Statistical analysis plan
Study participants were divided into four groups based on their METs (<6, 6-9, 10-11, and ≥12). Categorical variables were presented in frequencies and percentages. Continuous variables were presented base on the normality of distribution as mean ± standard deviation or median and interquartile ranges, overall and in categories of METs. The four groups were compared using Chi-square or Fisher exact test for categorical variables. Analysis of Variance (ANOVA) and Kruskal Wallis test were used for continuous variables compersion, as appropriate. Cumulative incidence was presented at 5-, 10-, and 15-yr intervals via a bar graph.
Kaplan-Meier cumulative incident diabetes was computed for different exercise capacity groups, and they were compared using the log-rank test.
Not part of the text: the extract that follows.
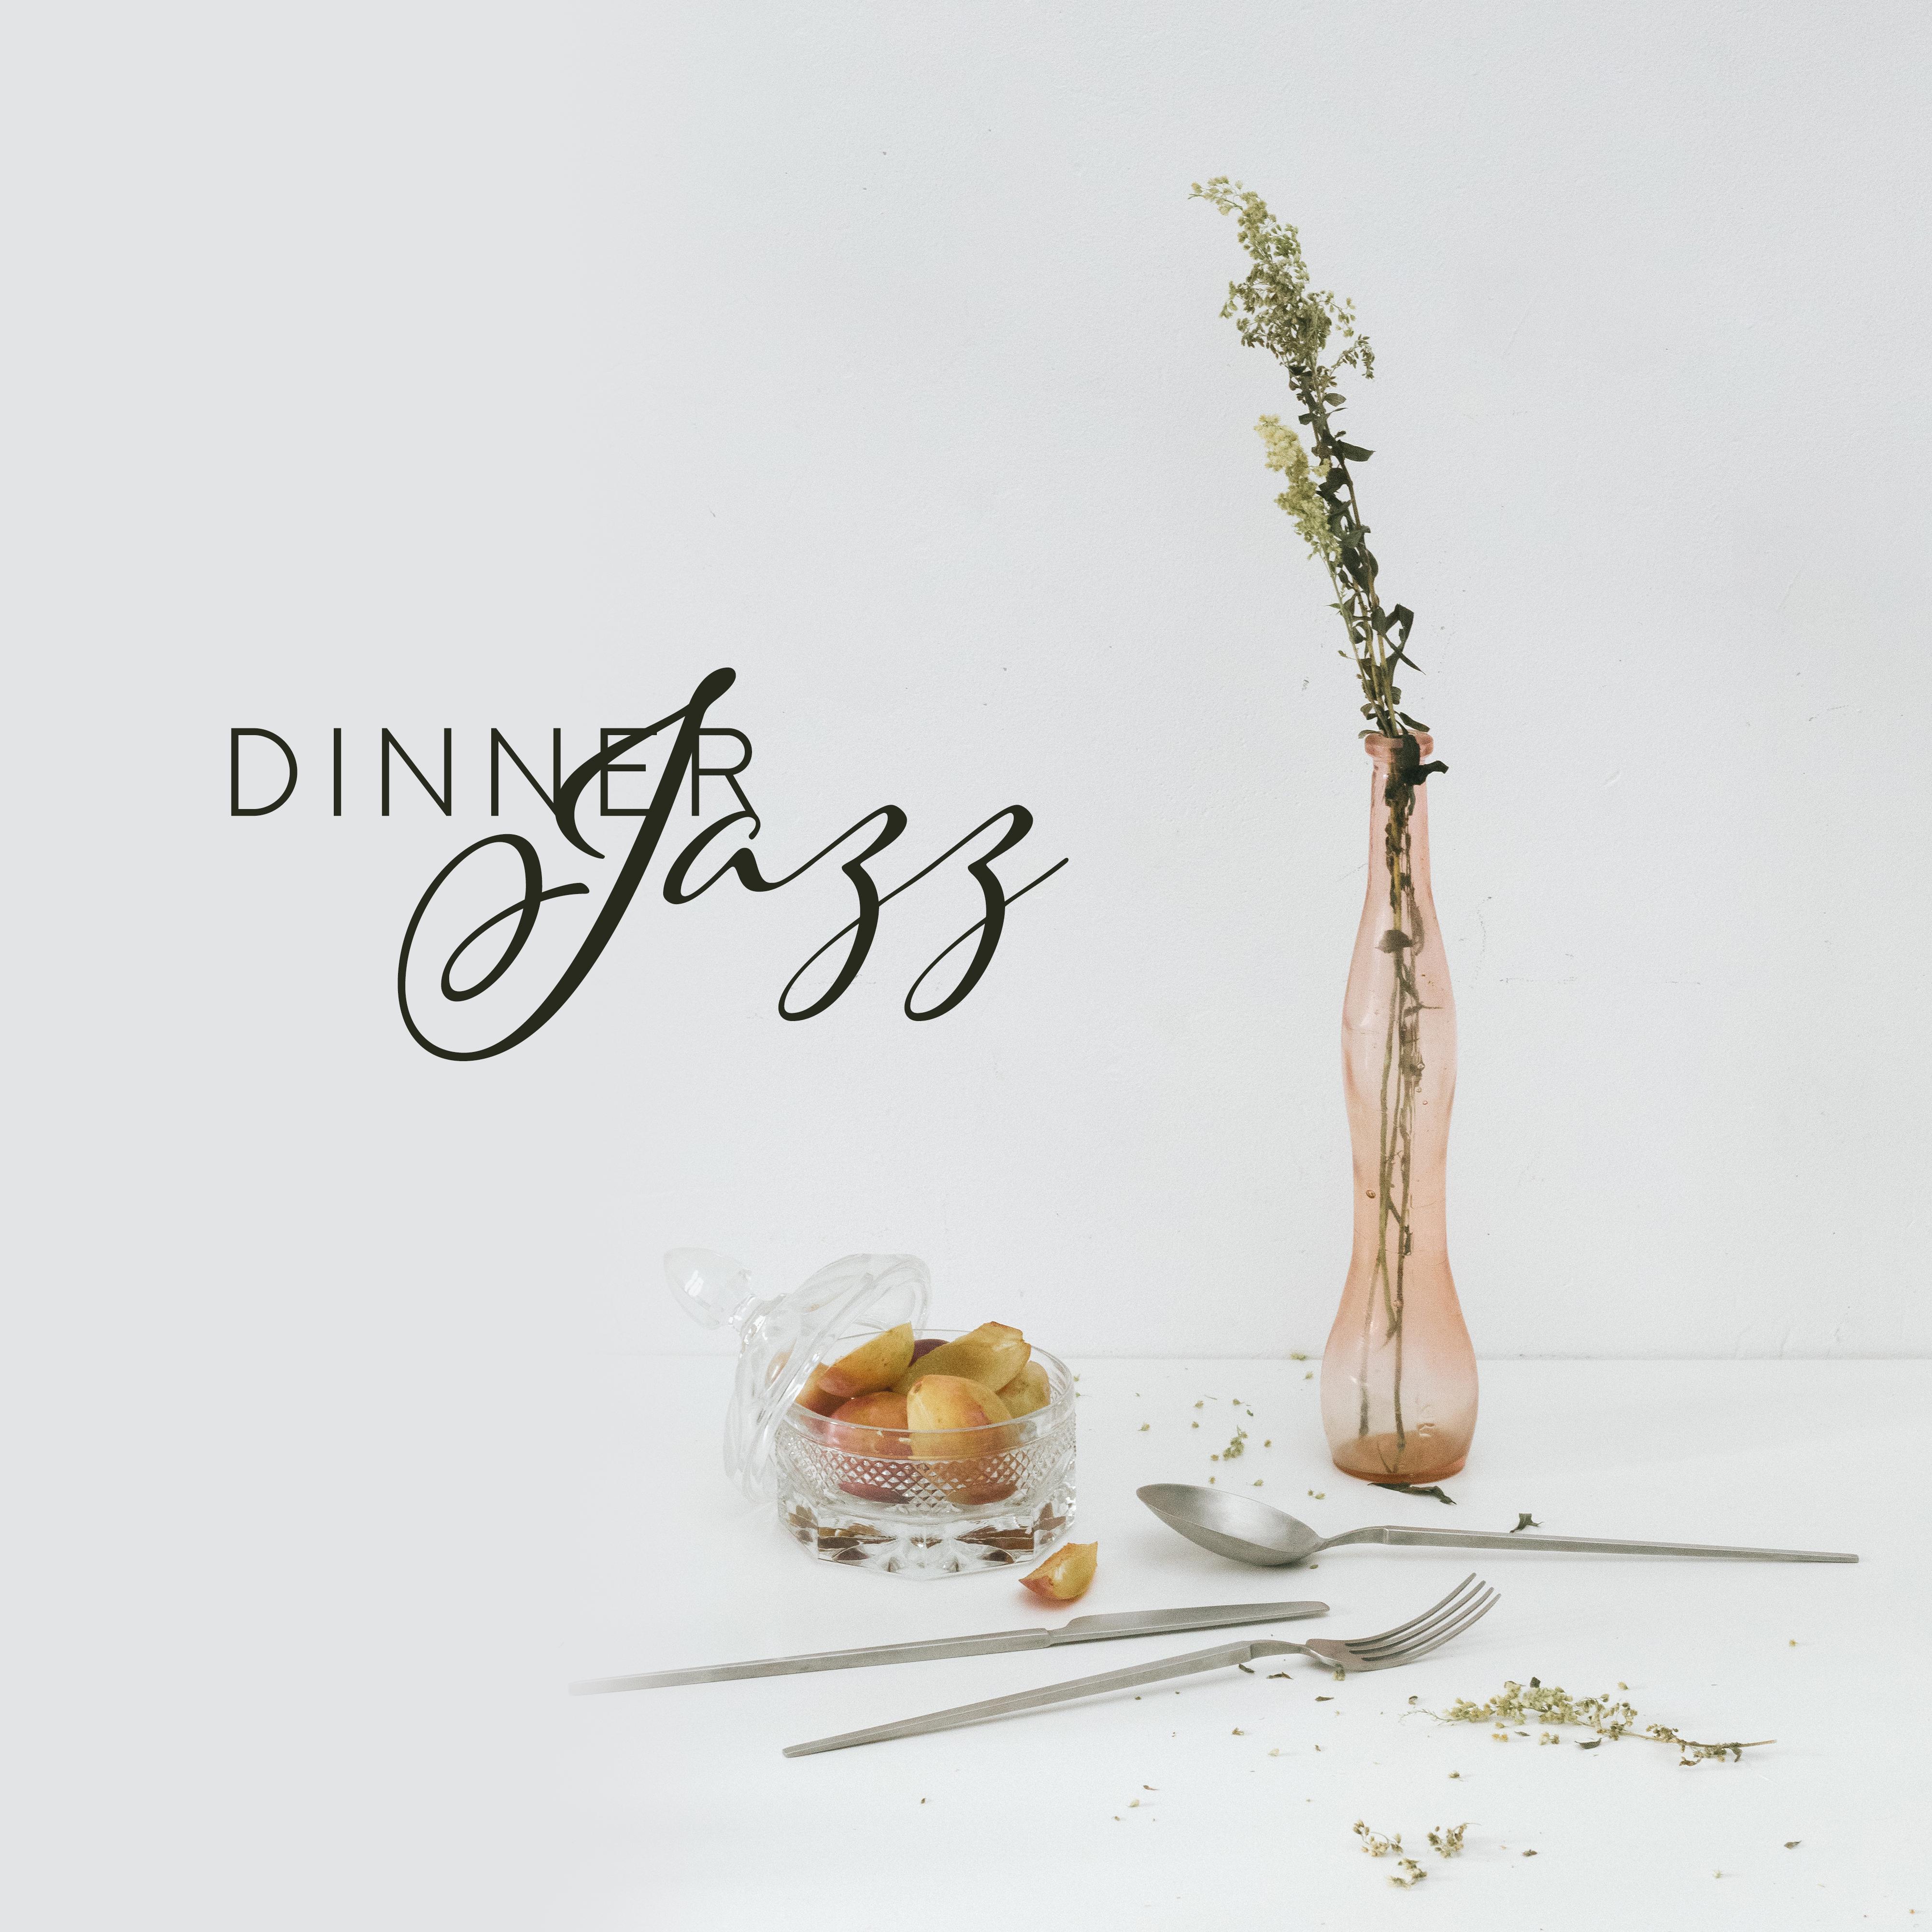 Dinner Jazz – Instrumental Songs for Restaurant, Relaxation, Smooth Jazz for Dinner, Relaxing Cafe Music
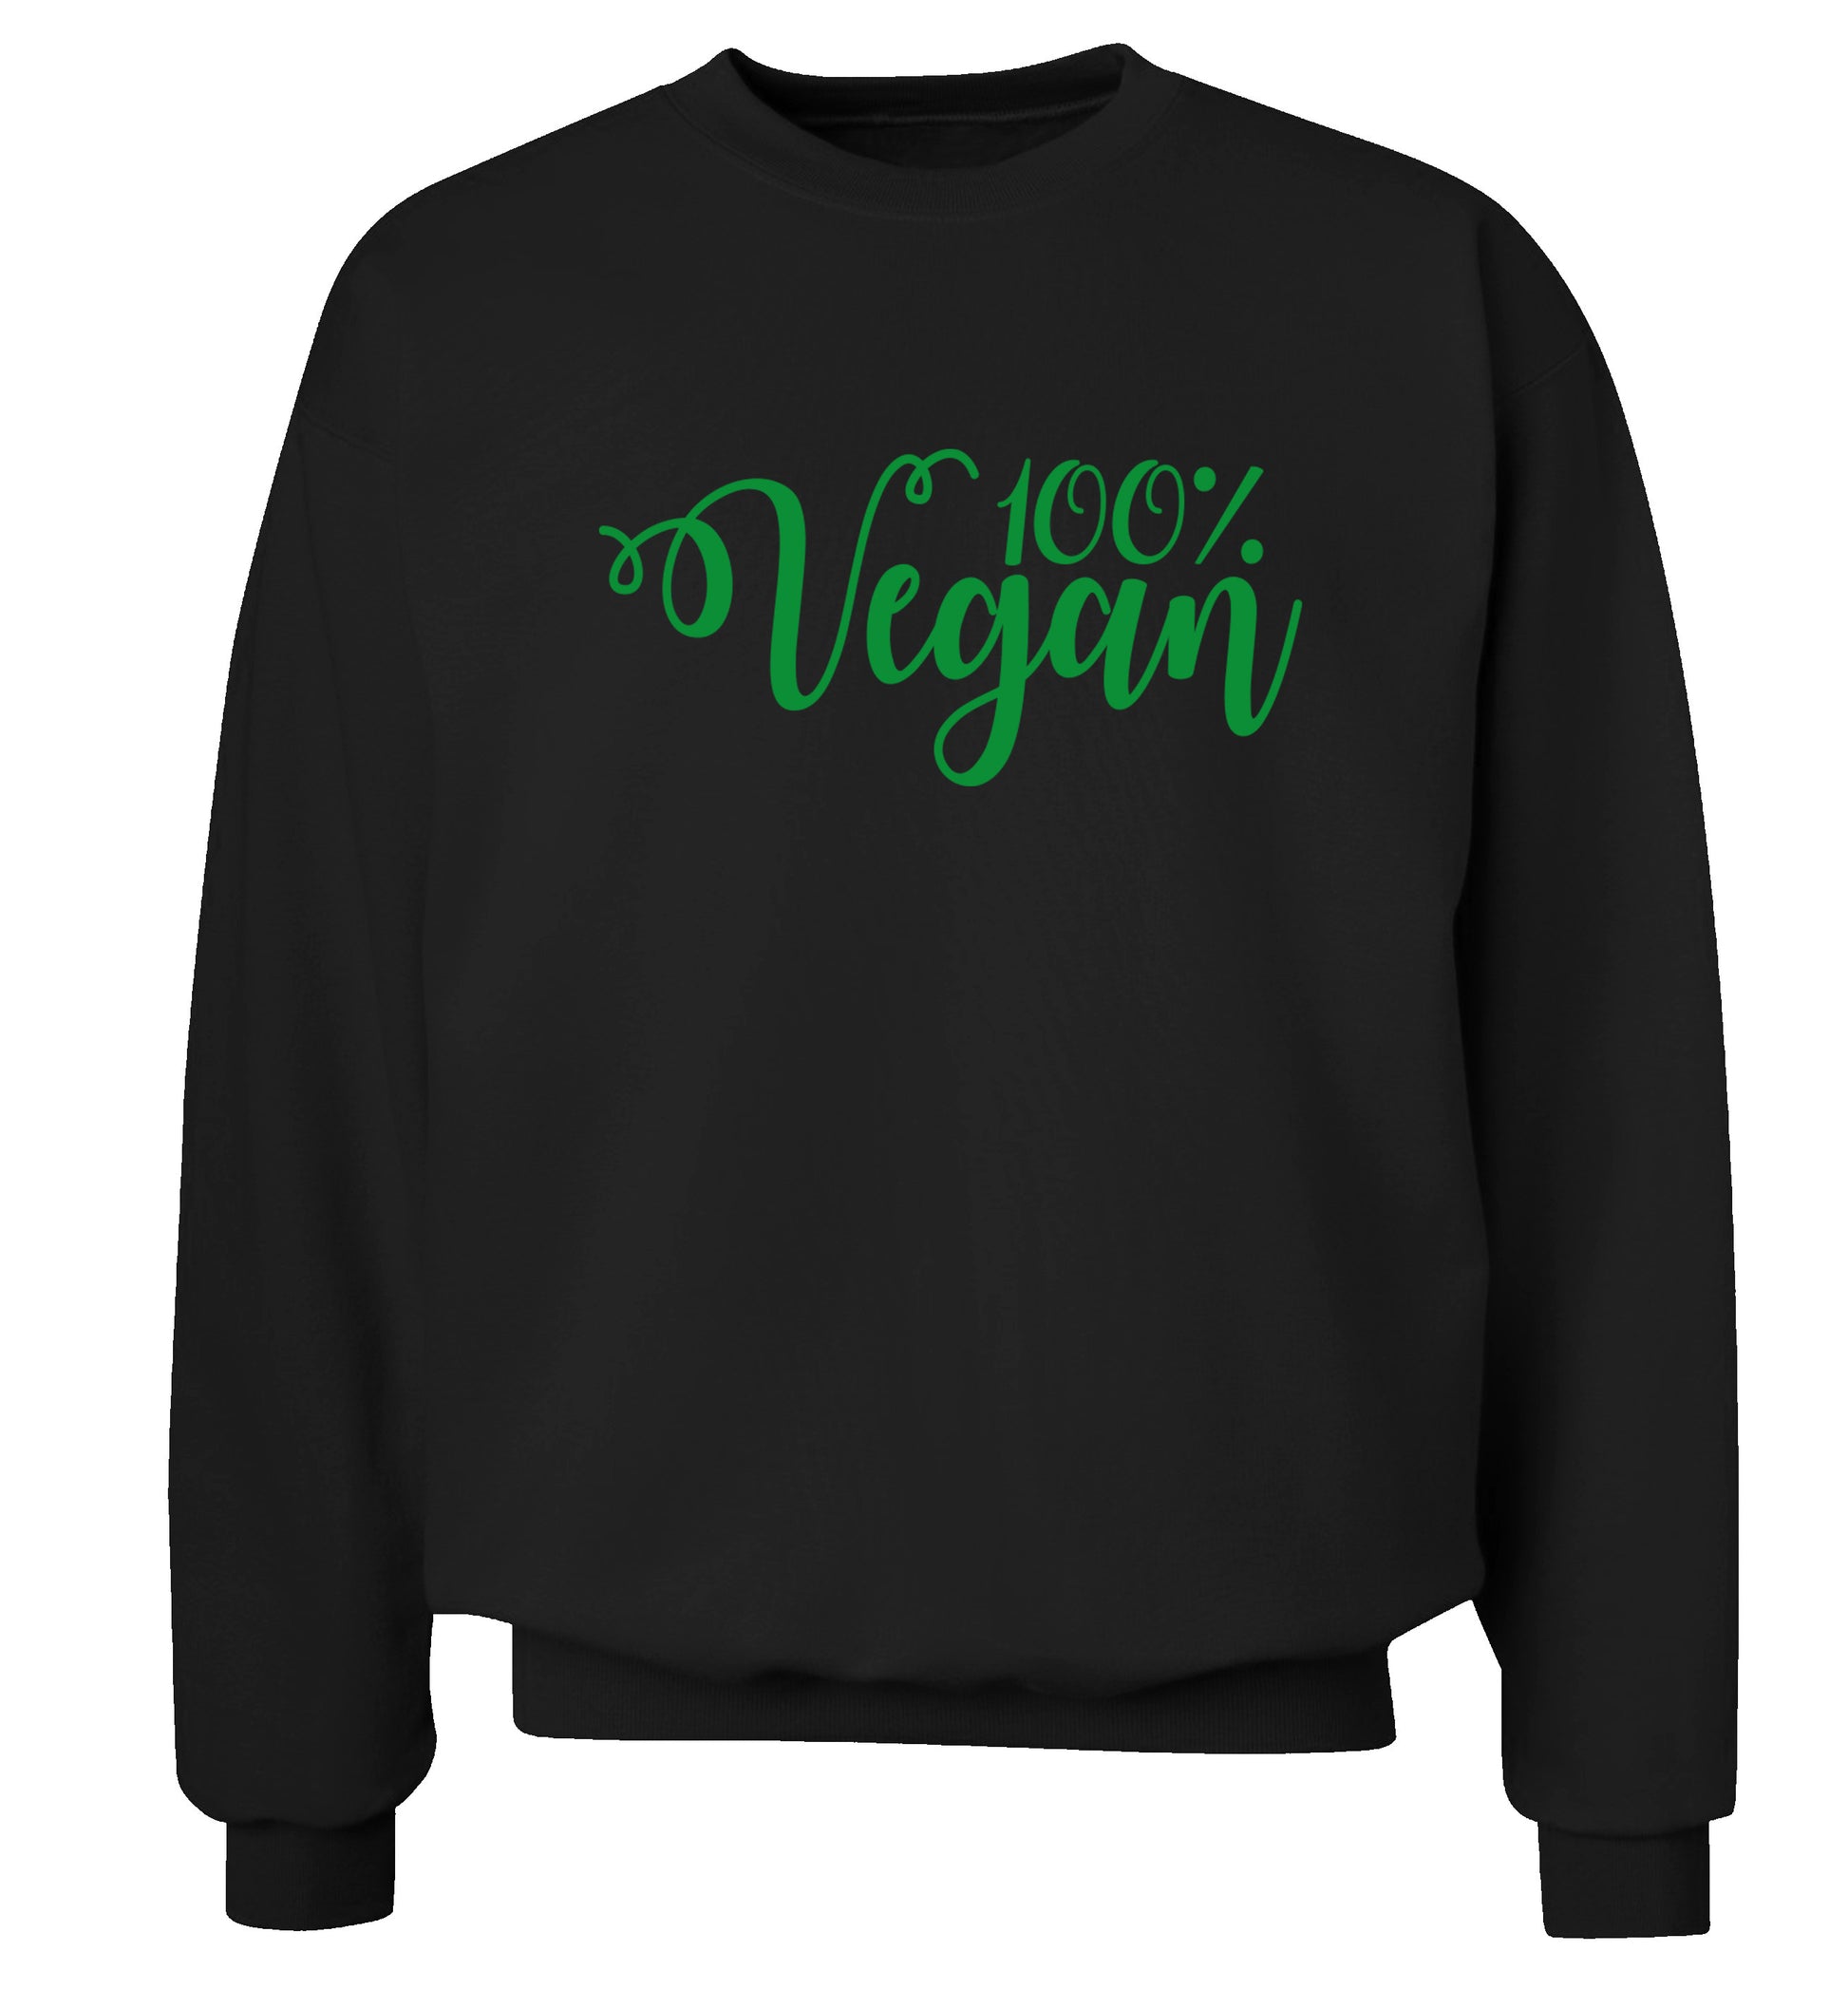 100% Vegan Adult's unisex black Sweater 2XL

Cox regression was used to compute hazard ratios (HR) and 95% confidence intervals (CI). A forward selection technique was used to demonstrate independent predictors of incident diabetes. In each forward step, we added a related set of variables to improve our model. Therefore, gender, age, and heart rate were included in the baseline model (model 1). Subsequently, hypertension, hyperlipidemia, smoking, lung disease, previous coronary artery disease and previous congestive heart failure (model 2), antihypertensive medications, lipid-lowering medications, and proton pump inhibitors (model3), METs achieved, chronotropic incompetence, and Duke score (model 4). The primary analysis assessed the association between exercise capacity and time-free event of incident diabetes after adjusting for baseline clinical and cardiovascular risk factors. In the baseline model, we included age, gender. Subsequently, cardiovascular risk factors and related cardiac medications (Model 2), METs groups (Model 3) were added to the baseline model. We computed Harrell's concordance index (C-index) area under the Curve (AUC) and Akaike information criterion (AIC) to compare the models using this methodology developed for incidence diabetes. The selection of variables for entry consideration was based on clinical judgment, results of previous publications, and the expertise of the investigators. We also plotted a restricted cubic spline model to show the shape of the continuous relationship between METs and incident diabetes after adjustment for covariates. Finally, we examined the association between METs and incident diabetes in the subset of participants with a BMI measurement (N=6,539) (Supplementary Table 1). All Statistical analyses were conducted using SAS 9.4 (SAS Institute Inc., Cary, NC, USA). Statistical significance was defined as P ≤ 0.05.